Professional Advice on Emergency Fund Creating

Shane Robson-Smith, CPFC

Shane Robson-Smith, CPFC

Founder of Workplace Money Coach, Inc

One of the very best things you can do to protect your family and keep your money management machine running smoothly is to always have some cash set aside for unexpected expenses that pop up. When you have savings earmarked specifically for emergencies, you can weather the inevitable financial storms that we all will live through, be it a car repair, ER visit, air-conditioning maintenance in the middle of summer or the unexpected need to travel to help out family. 

Commit to stashing away some cash in and Emergency Fund and do it quickly with tips below.

Five Simple Saving Strategies

Michelle Buonincontri, CFP®, CDFA™ and Financial Coach

Michelle Buonincontri, CFP®, CDFA™

Financial Coach of New Direction Financial Strategies & Being Mindful in Divorce

Unfortunately it is in times of crisis that most of us learn, so let’s try to see the opportunity created by the Covid-19 potential obstacles including medical costs and income loss.

Now’s the time to create or revisit that spending plan. Identify and cancel all non-essential expenses – such as gym memberships, Spodify, Pandora, Audible, gaming, put car insurance policies for 2nd vehicles/motorcycles in ”storage” status, even call creditors to reduce interest rates now that the Fed reduced interest rates again in early March.

This may even be a good time to consider a mortgage refinance if rates are lower, you have the extra cash for closing fees, and will be in your home long enough to recoup those closing fees against the lower interest rate.

An emergency fund of 3-6 months for non-discretionary or essential expenses is a great starting point. Folks may consider moving back to minimum credit card payments or reducing retirement savings to instead save those amounts and help build that cushion right now.

Bethany McCamish

Bethany McCamish

Owner of His and Her FI Blog

The amount you put into your emergency fund depends on where you’re at with other financial goals.

It’s always a good idea to have at least $1000 put aside. Once this is done you can build the emergency fund up alongside your other goals.

While my partner and I pay off my student loan debt, we are only putting another $200-$300 a month towards the emergency fund. We both contribute to our retirement plans as well.

Your emergency fund is important for peace of mind, but so are your other goals. Student debt needs to be paid off so we can have more control over our money.

The emergency fund takes care of your short term future self, while your retirement (investments) take care of your long term future self. This is why we pursue all of these goals at the same time. It’s a well-rounded approach to the emergency fund.

Sarah L. Carlson

Sarah L. Carlson, CFP®

Financial Advisor at Fulcrum Financial Group

Is creating an emergency fund a high priority to you, but you aren’t sure where you can afford to save even more in 2020? If you are looking to save more, it might seem impossible if you aren’t sure where you can squeeze out any spare cash.

The trick to saving is to be more conscientious about where your money is going in the first place.

Saving truly begins with your mindset. Don’t think of saving as restrictive or not fun – it doesn’t mean you have to quit spending altogether. It just means you are placing a higher priority over your long-term financial well-being over what you want right now.

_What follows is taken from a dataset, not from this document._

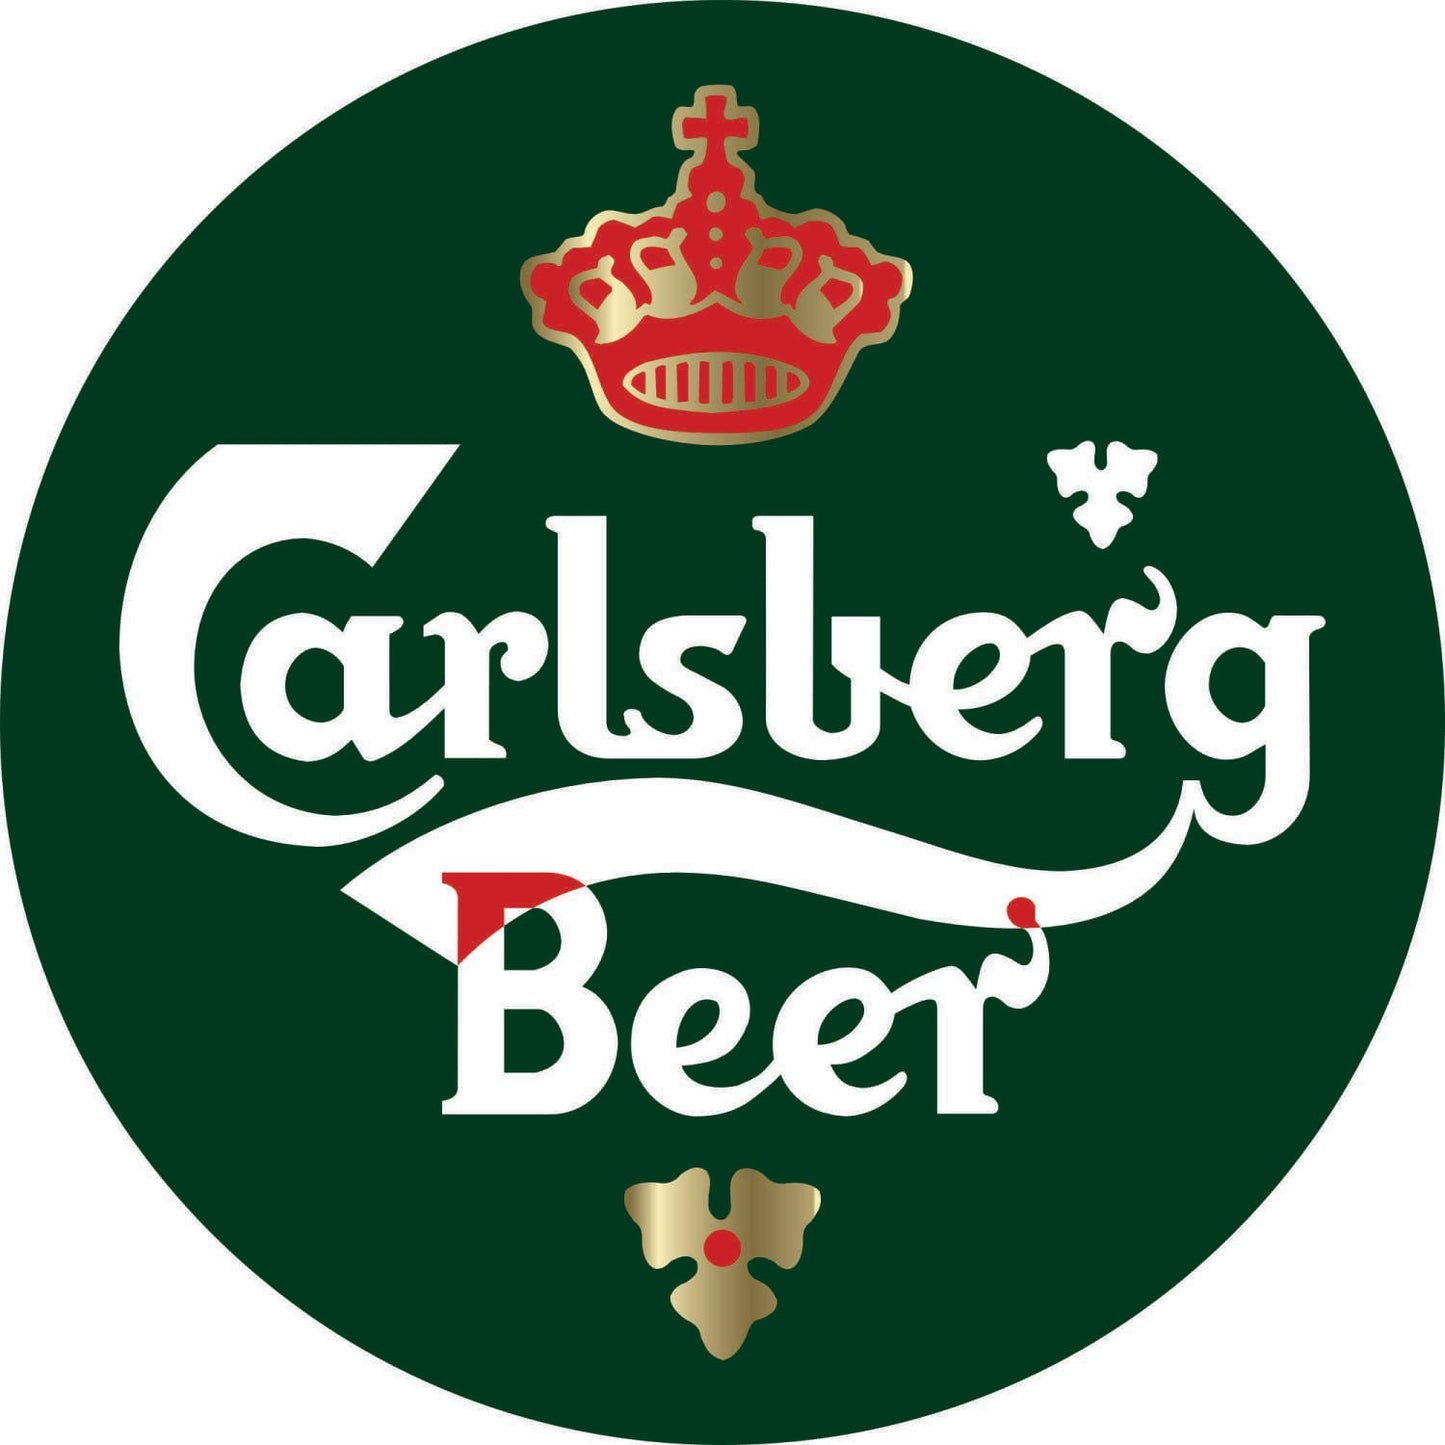 003-Single-sided illuminated sign - Carlsberg

Emergency Fund Tips From Sarah L. Carlson

By paying more attention to what you are pulling your credit card out for each day, you will begin to notice patterns ways you can potentially use to save even more. You are worth knowing what you are spending, so quit blinding spending without a thought. By investing in yourself, you are creating the foundation for a stress-free retirement, which is something that money truly can’t buy.

Sallie Mullins Thompson

Sallie Mullins Thompson

CPA/PFS, CFP, CDFA, MBA

For 1-wage earner households, the fund should hold money for at least 6 months of mandatory expenses – for 2-wage earner families, 3 months is the minimum.

It should be totally liquid which means in a bank checking or savings account.

It should never be used for anything else. If it dips below, then it should be replenished as quickly as possible.

This is a #1 priority for everyone to have in place – before other savings, even 401Ks with a match. 

Jay Spector, CFP

Jay Spector, CFP®

Partner – Wealth Advisor at Barton Spector Wealth Strategies

We are living through unprecedented times. Most investors haven’t experienced market situations like this.

We are talking with clients and are helping them keep the current situation in perspective. It is important in times like this to get a fresh look at your investment plan and your other financial plans, including insurance (life, long-term care, disability and health) as well as any business-related insurance clients may have.

In addition, it is also important to make sure you have your emergency fund – or your financial cushion – in place.

In our opinion, an emergency fund should be at a level to comfortably cover six to nine months of household expenses (mortgage/rent, food, gas, insurance and other expenses). Some people like to have their emergency fund in readily accessible cash, a line of credit or both.

To us, it is important to have something!

We have seen clients segregate these cash funds into separate accounts or even using a separate financial institution in order to avoid the temptation of dipping into the funds for things other than a financial emergency or unexpected expense.

Bottom line: It is essential that people have access to funds in an emergent situation. Having an emergency fund or cash reserve established for you and your family can make or break your financial life. A financial emergency can be a speed bump, or it can be a financial tsunami if you are not prepared. An emergency fund can soften the blow and help you deal with life’s unexpected curveballs (unemployment, unexpected expenses, etc…).

Rob Greenman

Rob Greenman

Lead Advisor, Partner, CFP®

Six months is a figure that commonly is used for emergency funds.

Another consideration is where to park these funds and/or account types that should be utilized.

Health savings accounts can sometimes be a wonderful “emergency fund” savings vehicle. The strategy here would be to max out your HSA, have funds carved aside and growing tax free. The individual wouldn’t use this funds to cover medical expenses, instead paying out of pocket. Medical receipts and expenses could be tracked and saved along the way. Then, if a rainy day comes, the individual could pull funds out tax-free up to the amount of medical expenses that had been tracked/incurred along the way.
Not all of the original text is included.